A Step toward Cooking Thanksgiving Dinner

Reader Contribution by Jennifer Nemec

This year, for the first time in recent memory, I have been tasked with bringing something to Thanksgiving dinner. When I announced this in our staff meeting last week, everyone was quite impressed, until I told them I was making the two JELL-O/Cool Whip-related salads that we always have at a Nemec family holiday dinner.

One year we only had one of the two, and my little brother (not so little anymore) just couldn’t handle it. So, these two must be there. The names are what we call them, and I’ll have to check with Mom to find out from whence they came. (I’m pretty sure I remember the first time we had the apricot one, but the cherry seems to have always been a staple.)

The first we call “Apricot Salad,” which is a bit of a misnomer, because it’s not very “salad-y.” It’s made with only 3 ingredients: apricot JELL-O (1 package), apricot nectar (2 cups – I found this in the juice aisle at a local grocery store), and cream cheese (1 brick, 8 oz., softened).

The nectar takes the place of water in the directions on the JELL-O package. First heat one cup of the nectar and then dissolve the JELL-O in it.  Place the softened cream cheese in a medium-sized bowl, and then with a whisk (or an egg beater), slowly add the nectar mixture to the cream cheese. Then add the additional cup of nectar in a similar manner. (If you find it too sweet, you can switch out some of the nectar for water.)

This salad turns out differently depending on how earnestly you wisk/stir the creamcheese into the JELL-O. If you’re a bit lackadaisical, you end up with slightly creamy JELL-O with a cottage-cheese-looking topping. If you are more serious about getting the lumps out, the whole thing turns into creamy goodness – though don’t go too far, or you’ll end up with foam on top. All of these versions taste great, and I’m pretty sure my brother prefers the cottage-cheese-y version.

The second salad (which my brother’s been making lately) is the “Pink Fluff.” This one is even easier, because you don’t have to heat anything up. In this one you have a can of cherry pie filling (my dad’s favorite), a can of crushed pineapple (don’t get the “in syrup” kind), a can of sweetened condensed milk, and a container of whipped topping. Drain the pineapple juice (into a glass — yum), then mix it, the cherry pie filling, and the condensed milk together in a rather big bowl. When those three are good and combined, slowly fold in the whipped topping. (This is where you can get in trouble with this one, when “folding” becomes “beating” you end up with a soupy mess.)

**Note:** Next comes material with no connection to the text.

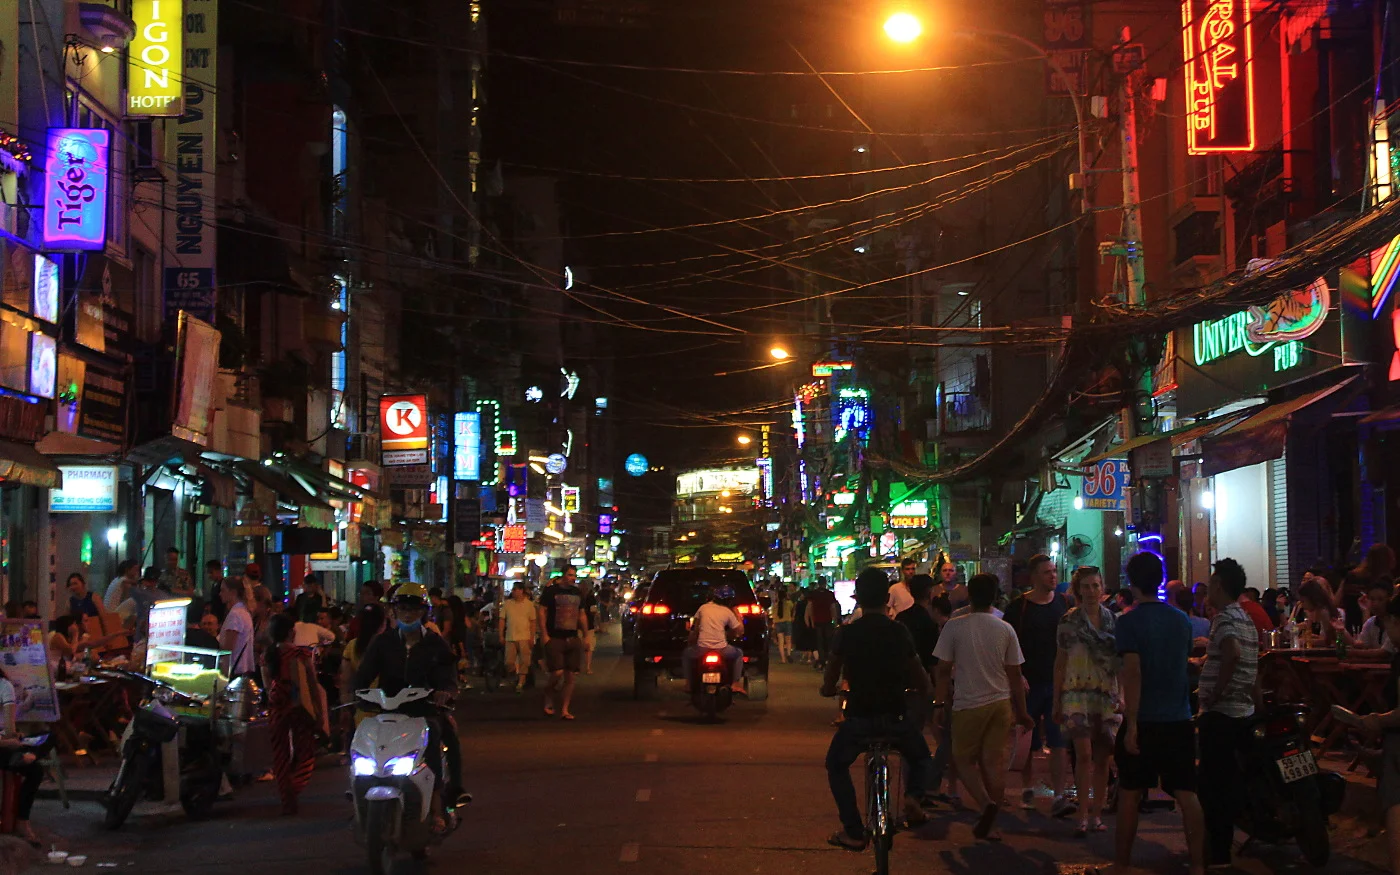 One week in Ho Chi Minh City (Saigon)
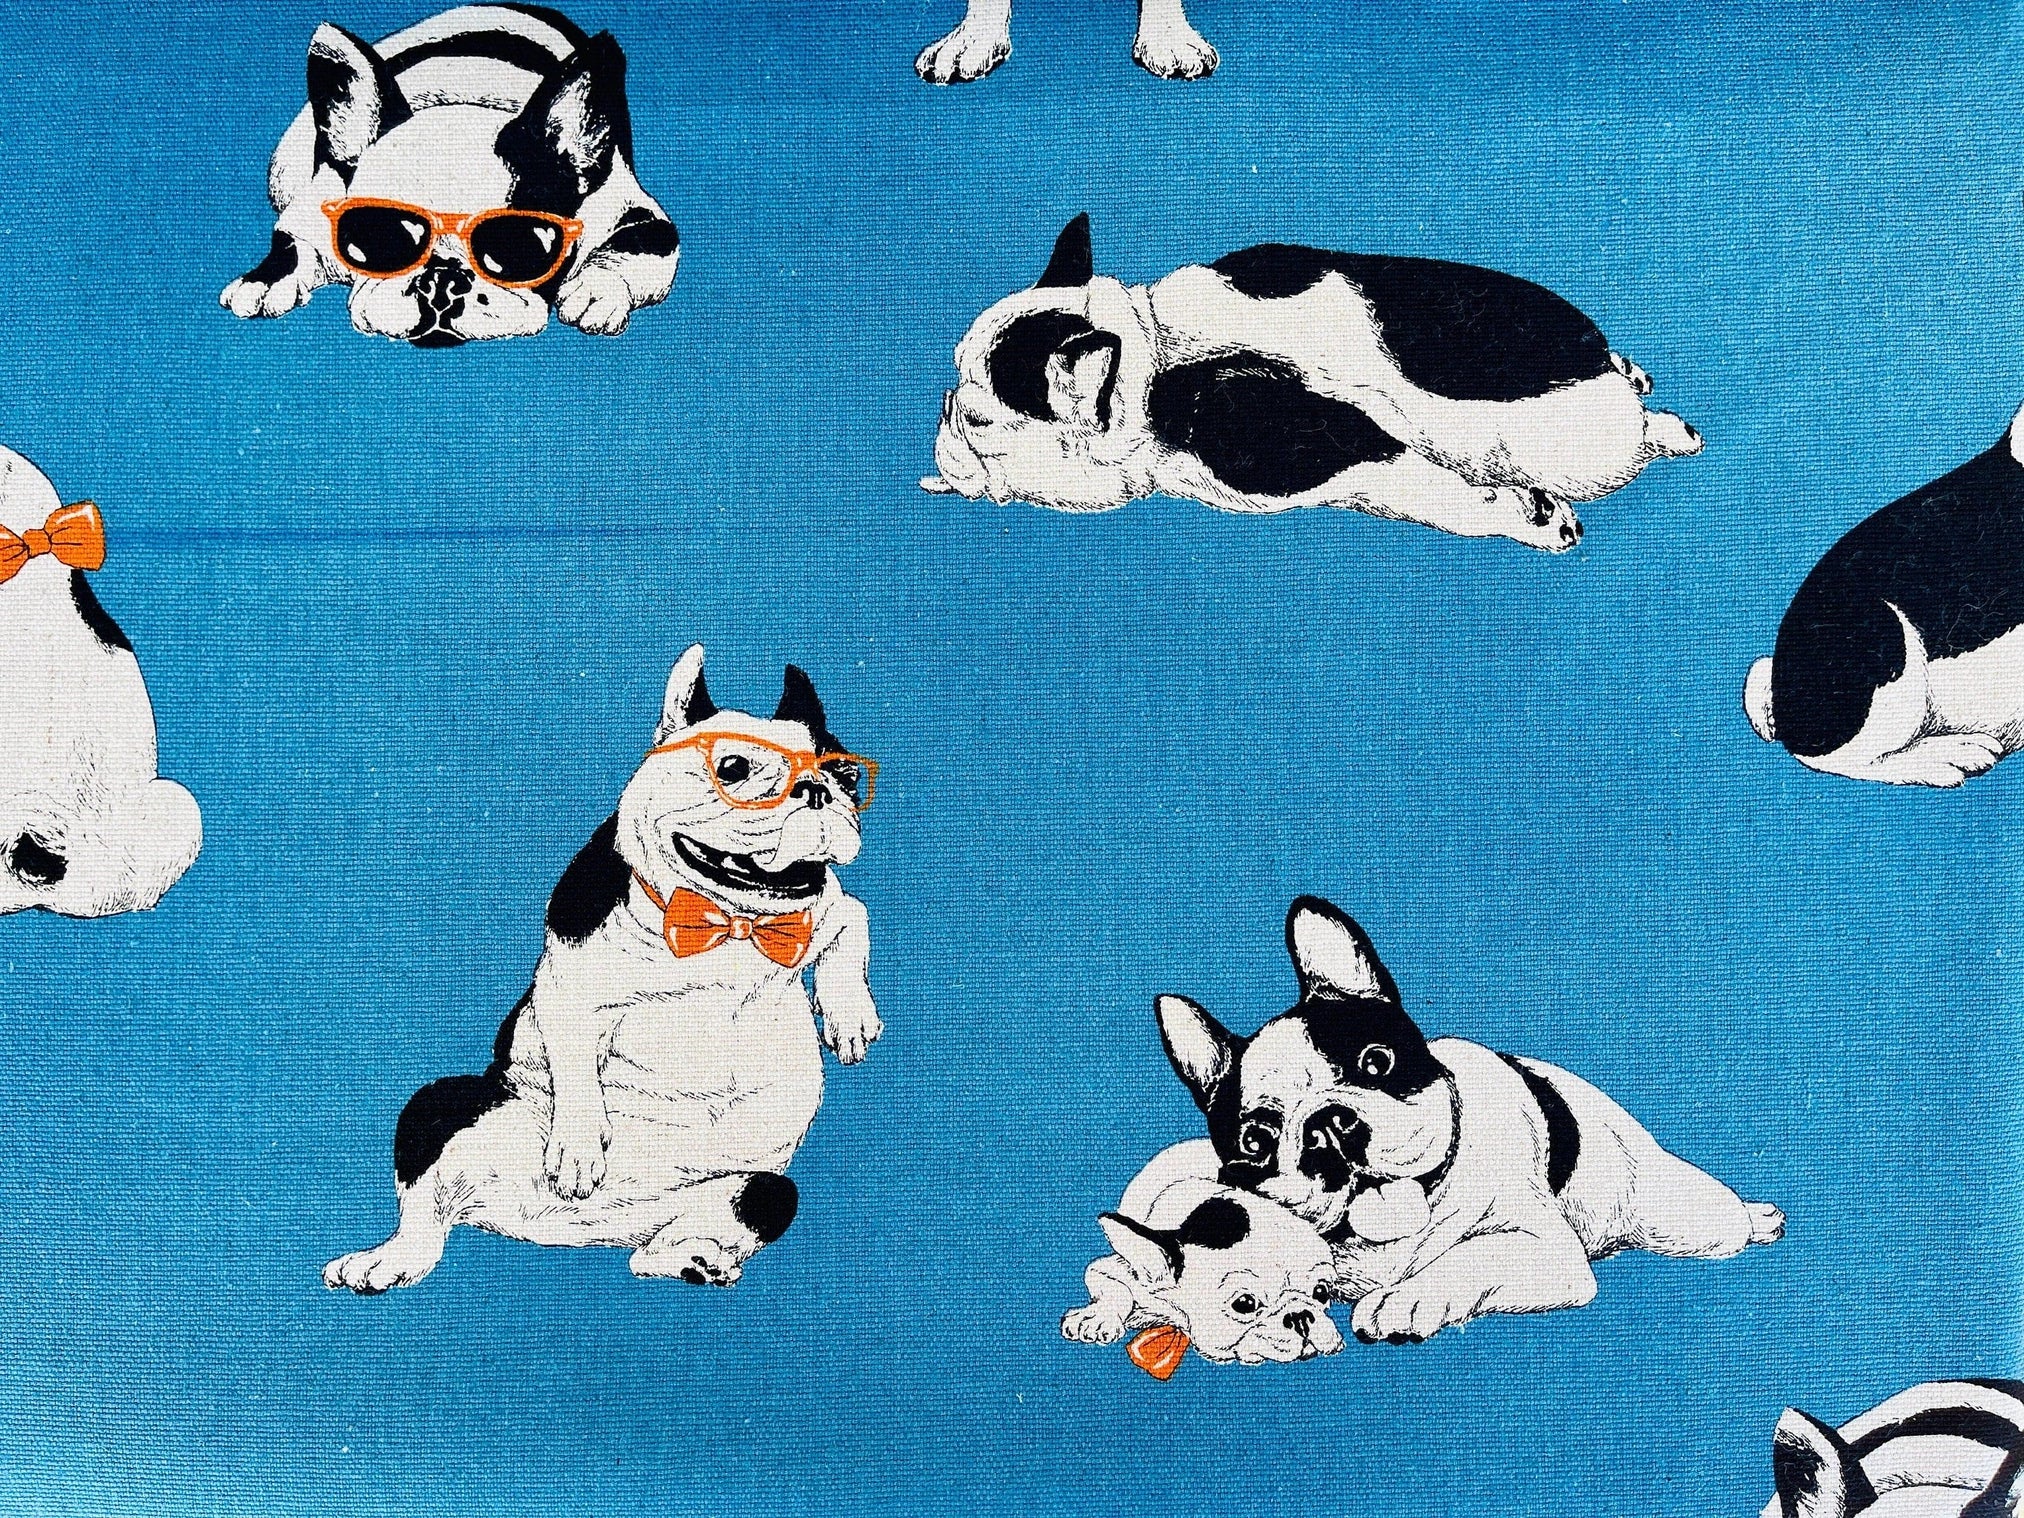 Dog - French Bulldog Fabric - Japanese Linen Cotton Oxford Fabric

Most of my family eats these as “dessert” rather than with the meal, and a little goes a long way. When the pink fluff and turkey sandwiches are gone, it’s time to head home.

When I was in college, I had a nightmare that involved my boyfriend taking me home to his family Thanksgiving and his mother asking me to make the gravy as a test… I woke up screaming.

Since then, I’ve advanced (much more than I let on). I can make many wonderful meals in my wok, I love quinuoa, and I’m learning more every day. I likely won’t be involved in the turkey basting process this year (or maybe ever, one of my brothers has a restaurant management degree and is pretty territorial about the bird), but . . . I made the salads.